** AVAILABLE DATA follows **

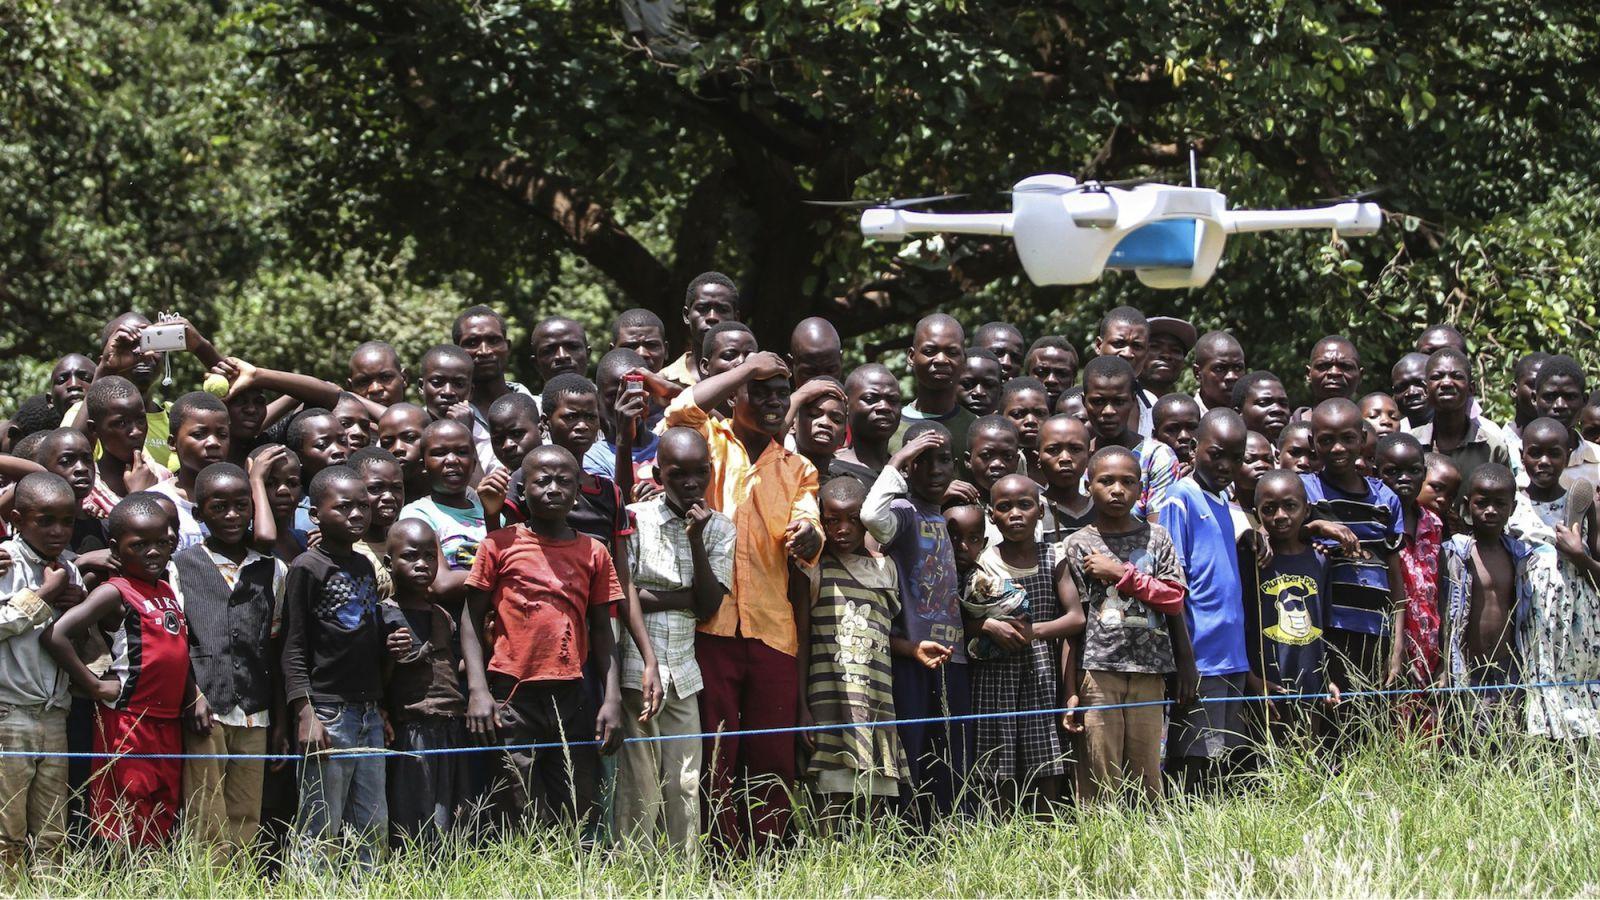 Кения разработала правила для полетов гражданских дронов и ввела огромный штраф за их нарушение
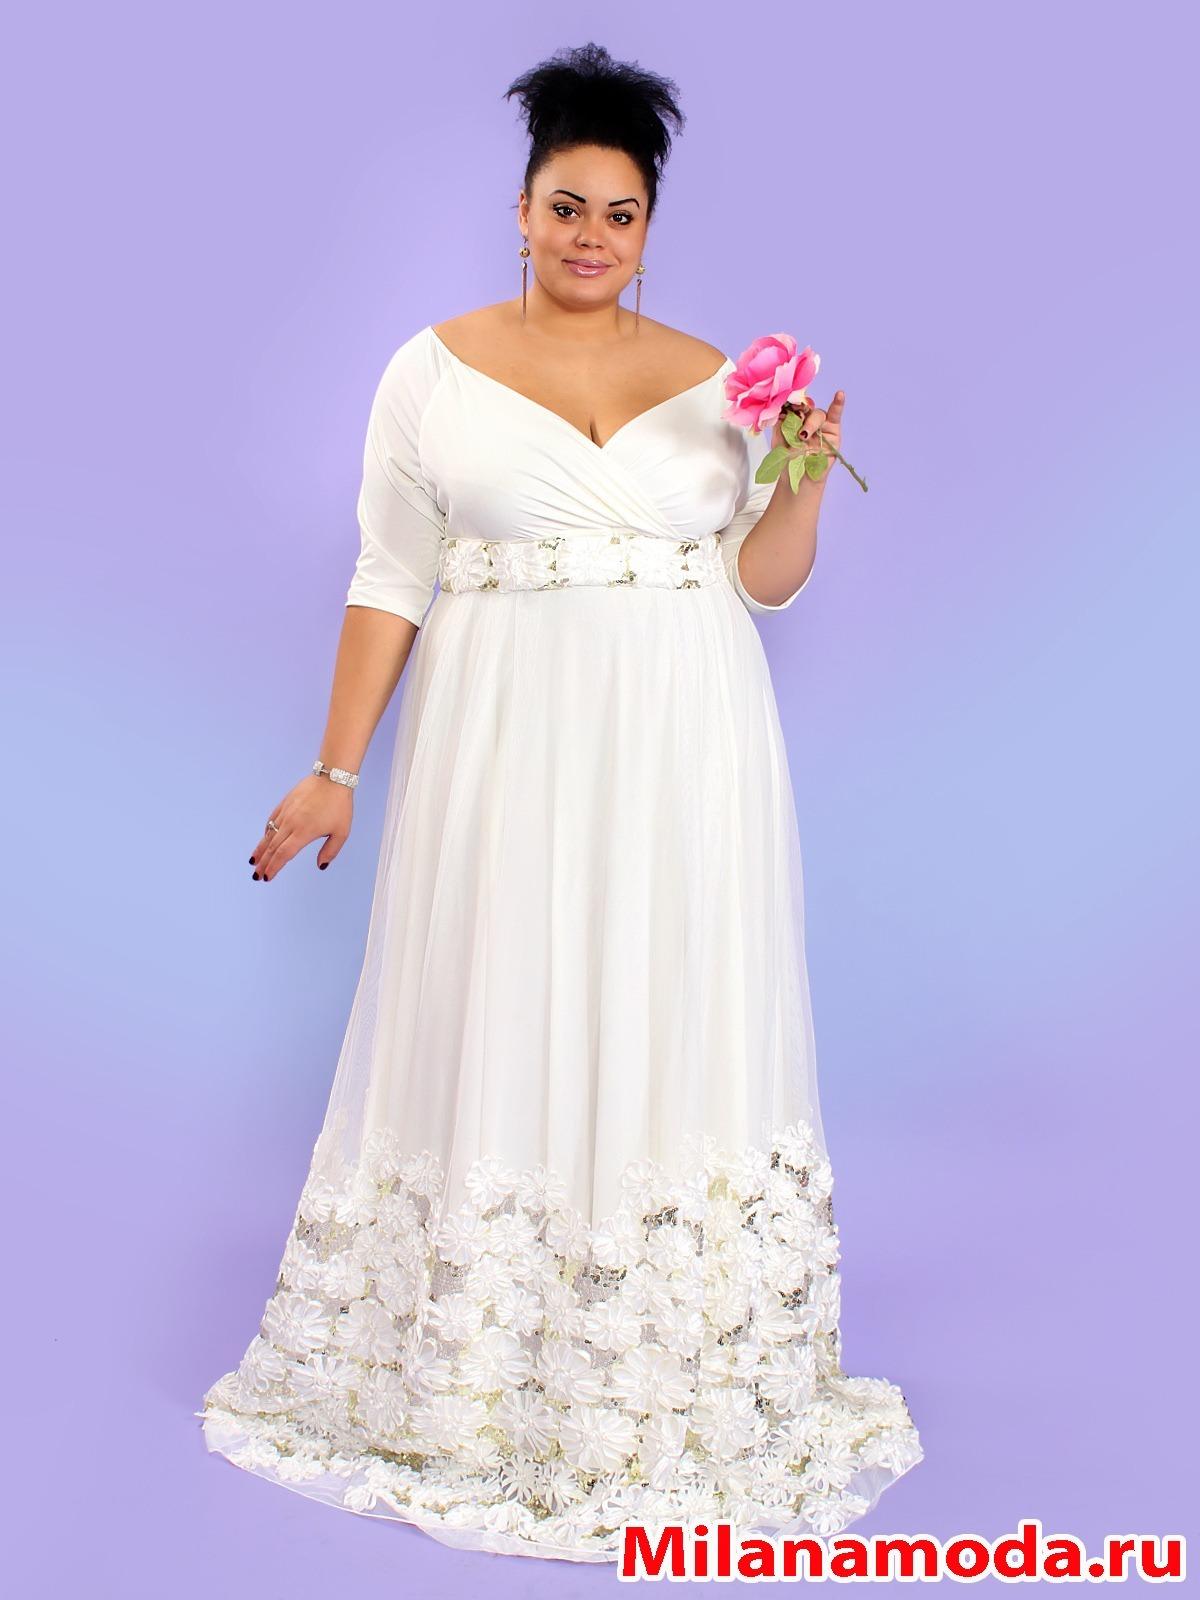 Вечернее платье из атласа своими руками фото 617
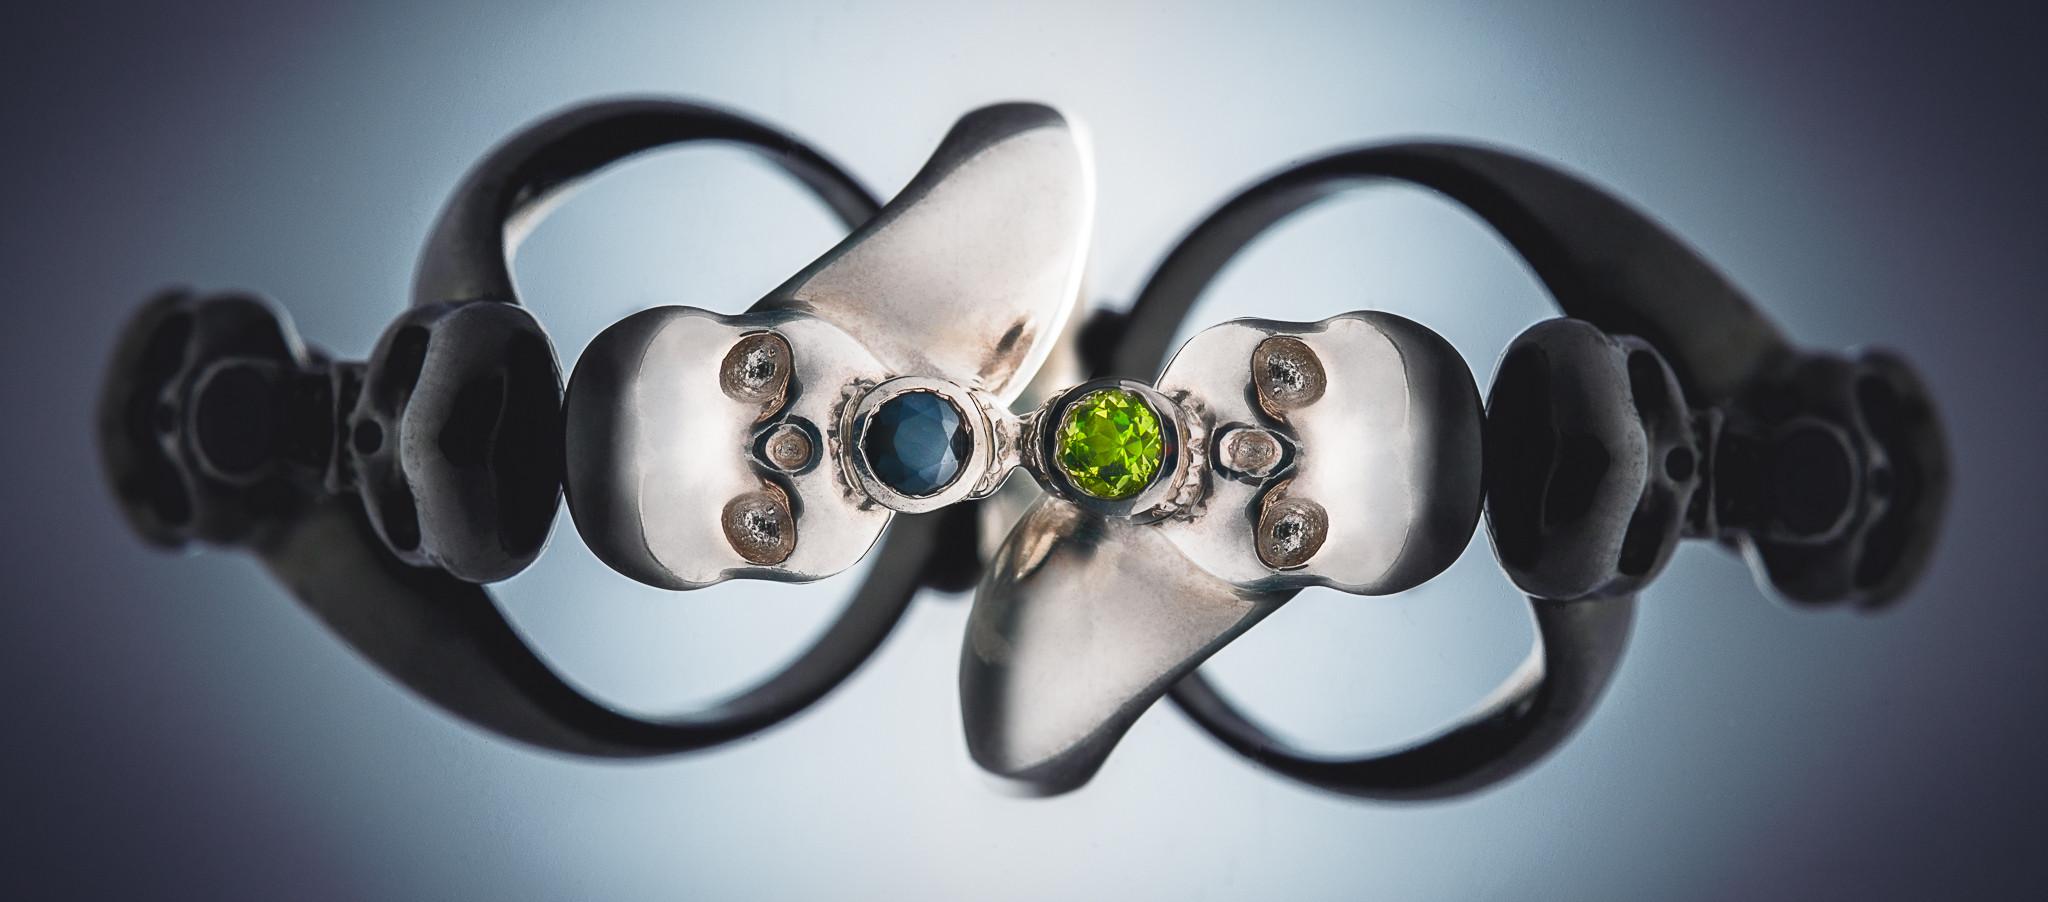 kils jewelry june 2020-236-Edit.jpg

** End of AVAILABLE DATA **

• _EXERCISE PROMPT_:
A faithful copy of all the lines above is needed, with the pictures omitted.

• _RESULT_:
 Кения разработала правила для полетов гражданских дронов и ввела огромный штраф за их нарушение
 Вечернее платье из атласа своими руками фото 617
 kils jewelry june 2020-236-Edit.jpg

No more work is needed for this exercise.